UNRWA İletişim Direktörü Juliette Touma, Şarku’l Avsat’a konuştu: Gazze’nin durumu çok korkunç, ateşkes talep ediyoruz

UNRWA: 70 çalışanımızı kaybettik. Merkezlerimizde 690 bin Filistinli bulunuyor ve 24 saat çalışıyoruz.

UNRWA İletişim Direktörü Juliette Touma. (Şarku’l Avsat)
UNRWA İletişim Direktörü Juliette Touma. (Şarku’l Avsat)
TT

UNRWA İletişim Direktörü Juliette Touma, Şarku’l Avsat’a konuştu: Gazze’nin durumu çok korkunç, ateşkes talep ediyoruz

UNRWA İletişim Direktörü Juliette Touma. (Şarku’l Avsat)
UNRWA İletişim Direktörü Juliette Touma. (Şarku’l Avsat)
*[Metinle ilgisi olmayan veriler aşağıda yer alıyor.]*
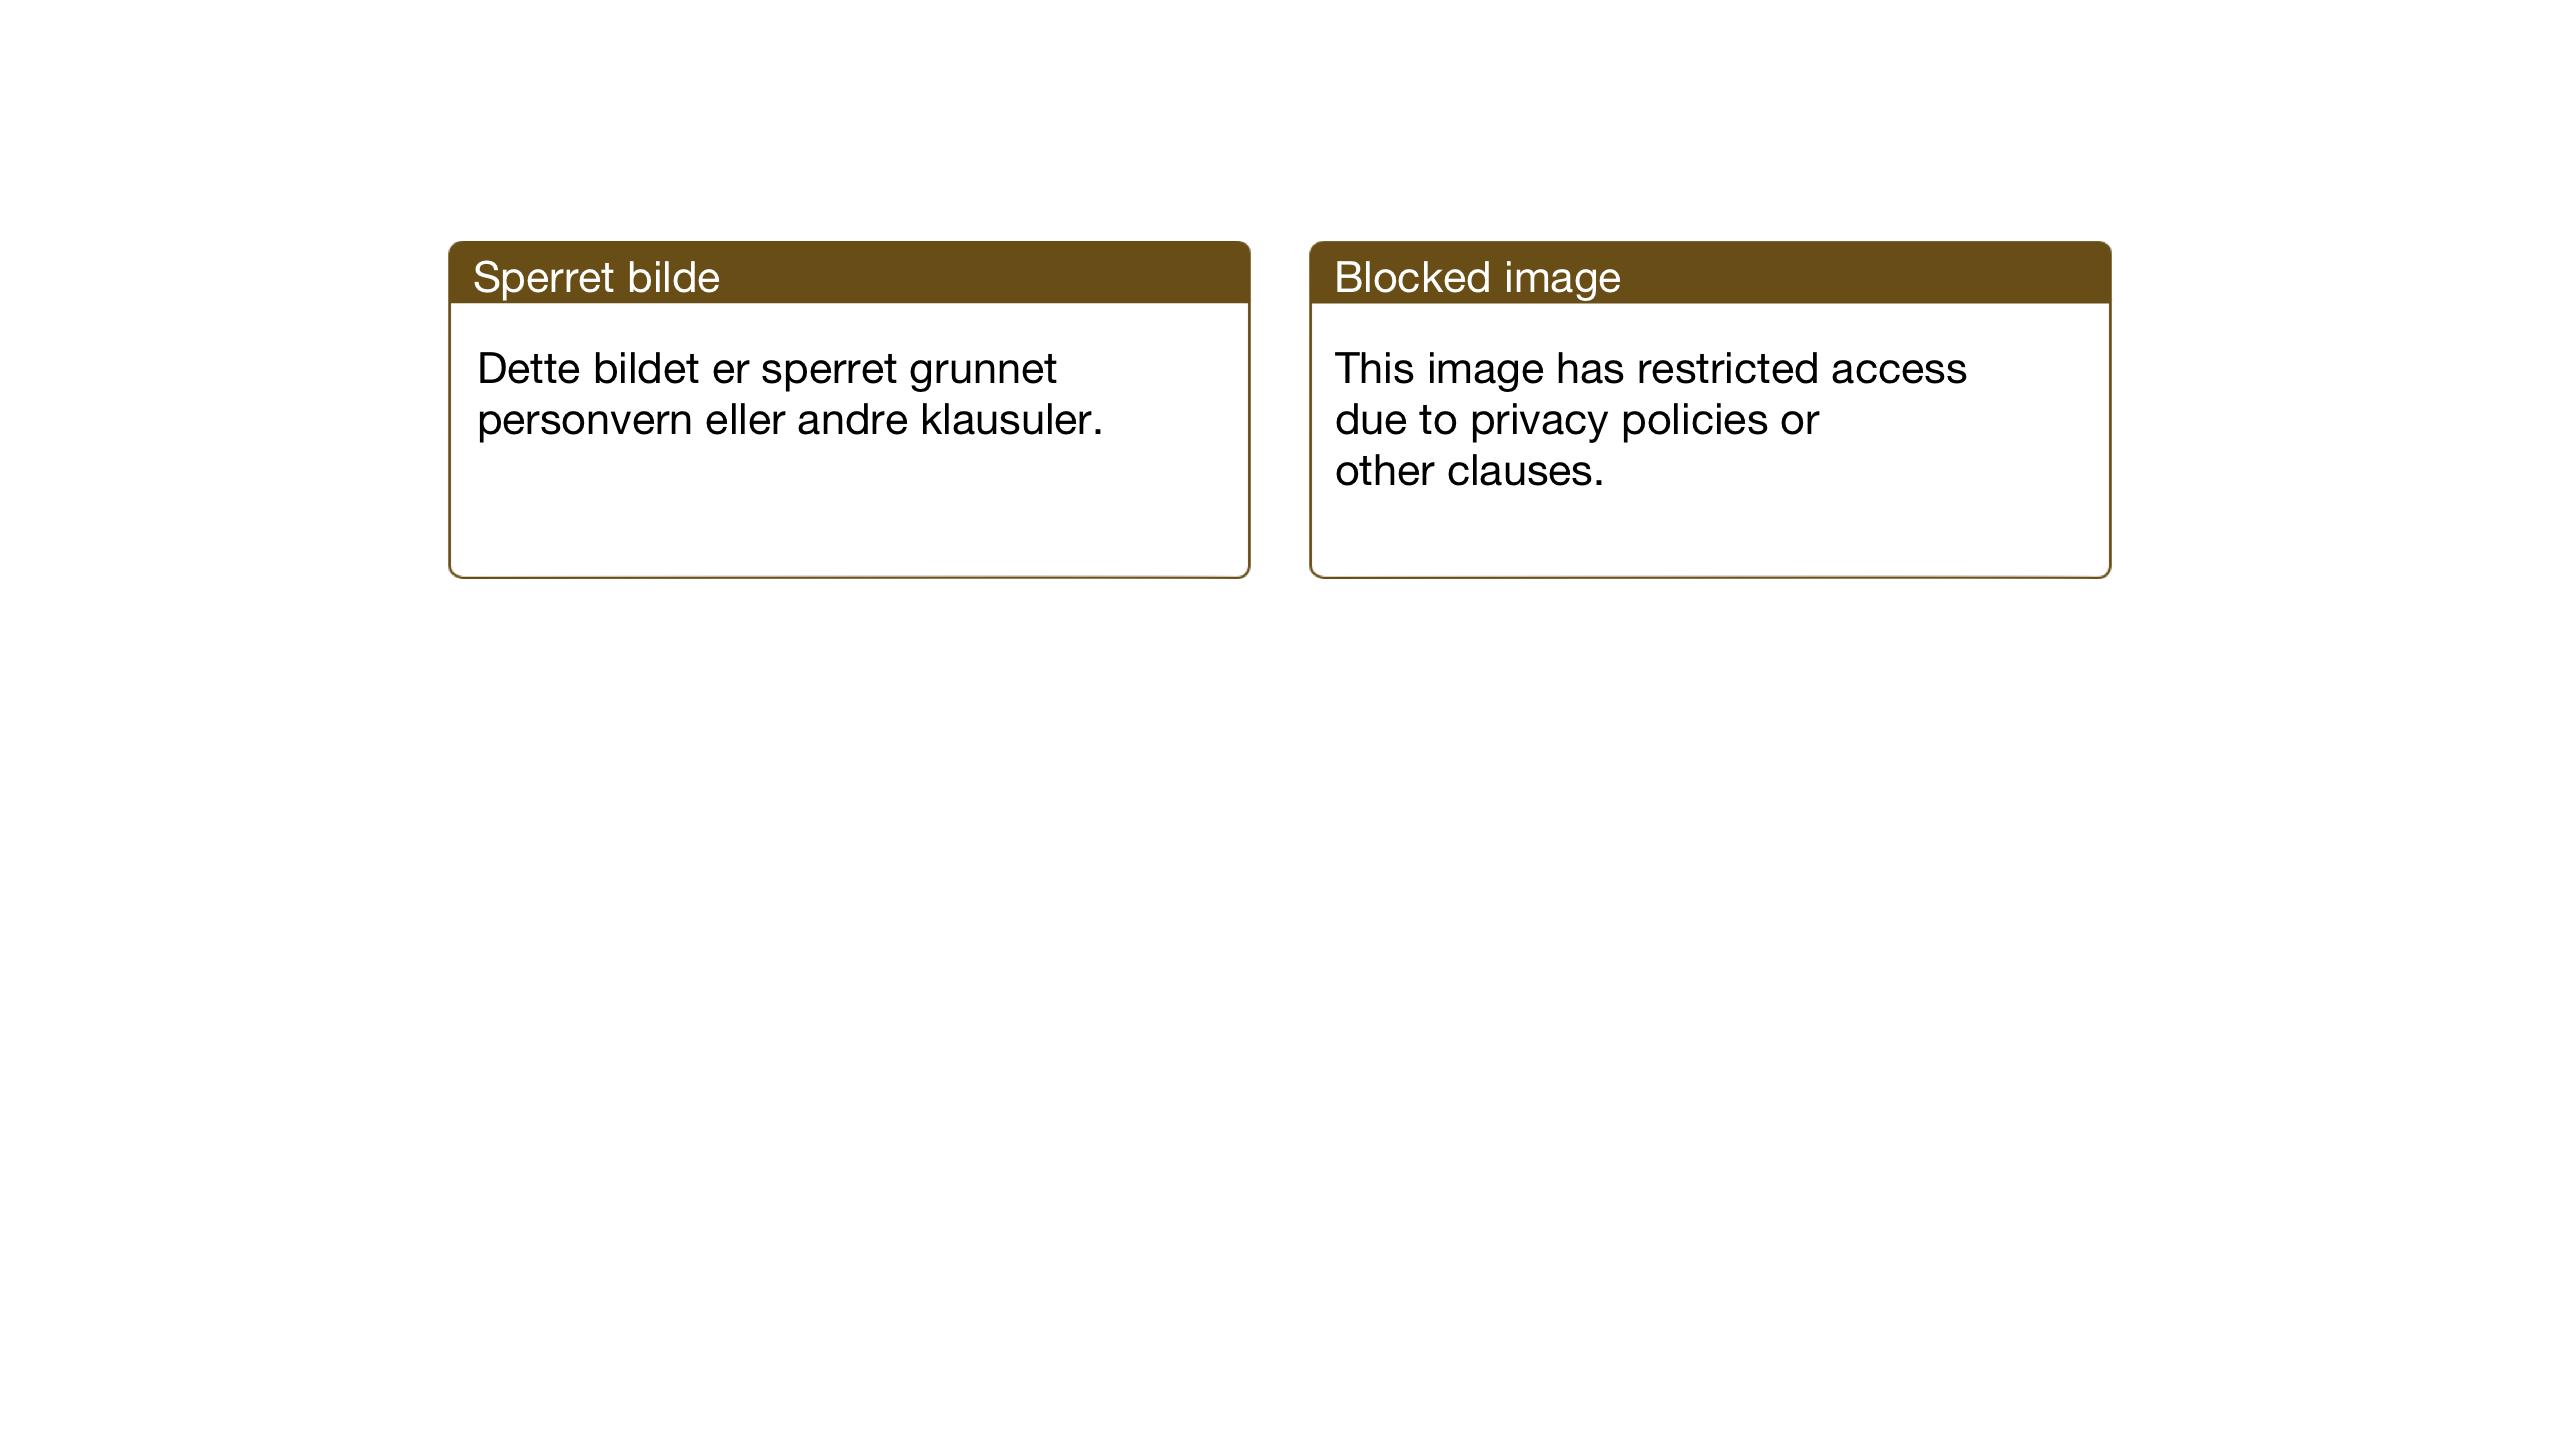 SAT, Ministerialprotokoller, klokkerbøker og fødselsregistre - Sør-Trøndelag, 667/L0799: Klokkerbok nr. 667C04, 1929-1950, s. 77
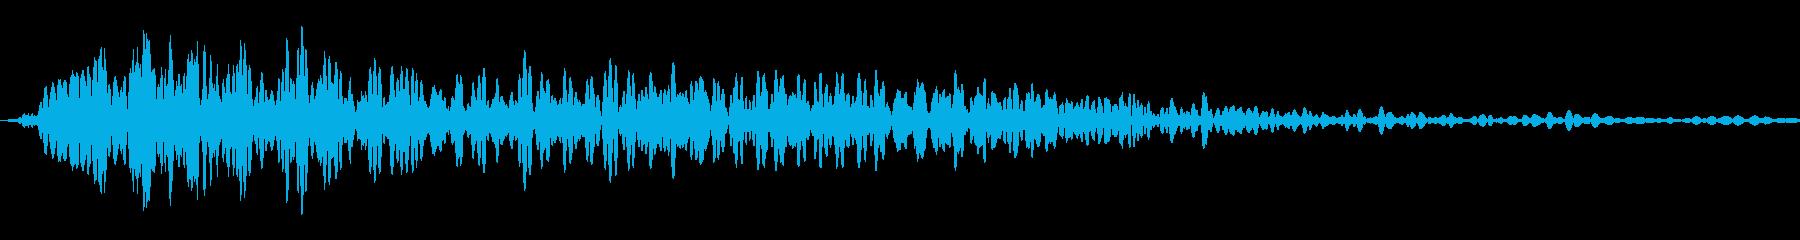 ホラー系のタイトルスタート音等にの再生済みの波形
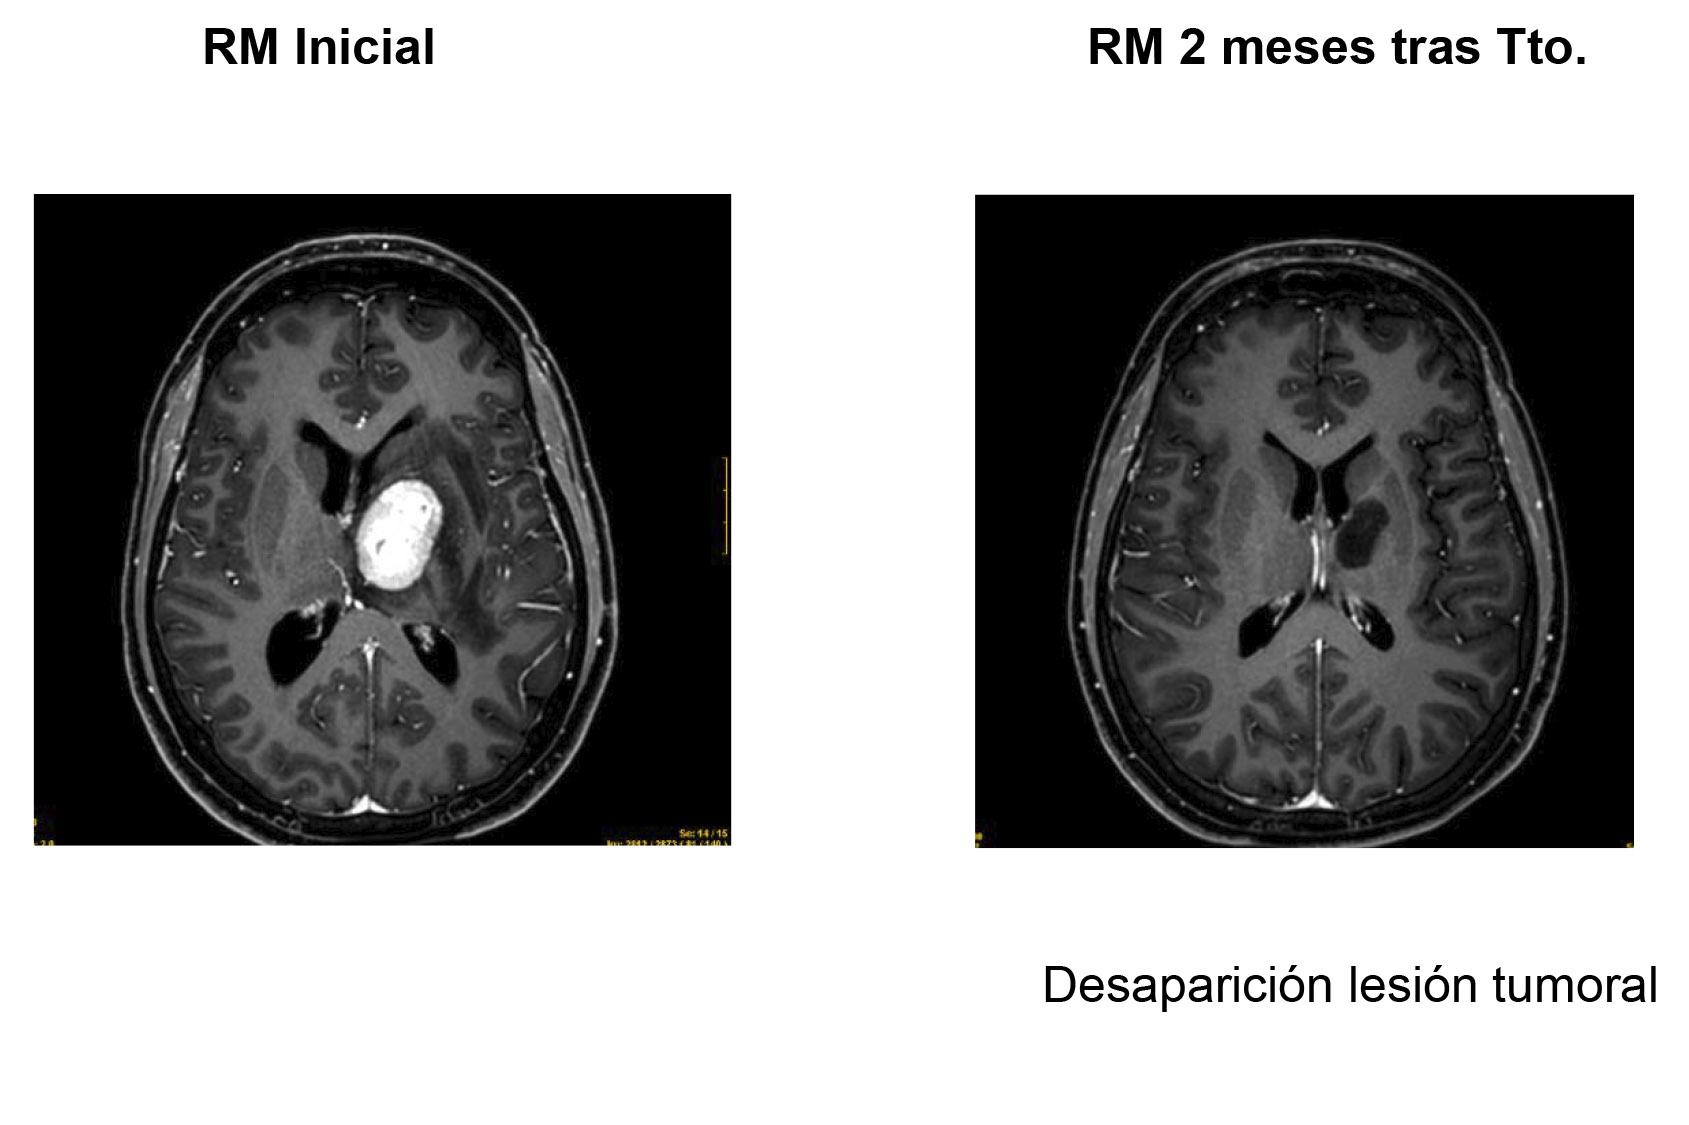 Valdecilla comienza a aplicar tratamientos de radiocirugía en tumores y anormalidades funcionales cerebrales

Birleşmiş Milletler Yakın Doğu’daki Filistin Mültecilerine Yardım ve Bayındırlık Ajansı (UNRWA) İletişim Direktörü Juliette Touma, Şarku’l Avsat’a verdiği röportajda, İsrail’in Gazze’de Hamas’a yönelik son askeri operasyonları sonucunda şu ana kadar 70 çalışanın yaşamını yitirdiğini söyledi. Yetkili, şu an 690 bin Filistinlinin UNRWA’ya ait merkezlere sığındığını belirtti. UNRWA çalışanlarının zor zamanlar yaşadığını ve insanları hayatta tutmak üzere minimum kaynakları sağlamak için gece gündüz çalıştıklarını ifade eden Touma ayrıca acilen ateşkes ilan edilmesi ve insani yardım dağıtım hatlarının güvence altına alınması çağrısında bulundu.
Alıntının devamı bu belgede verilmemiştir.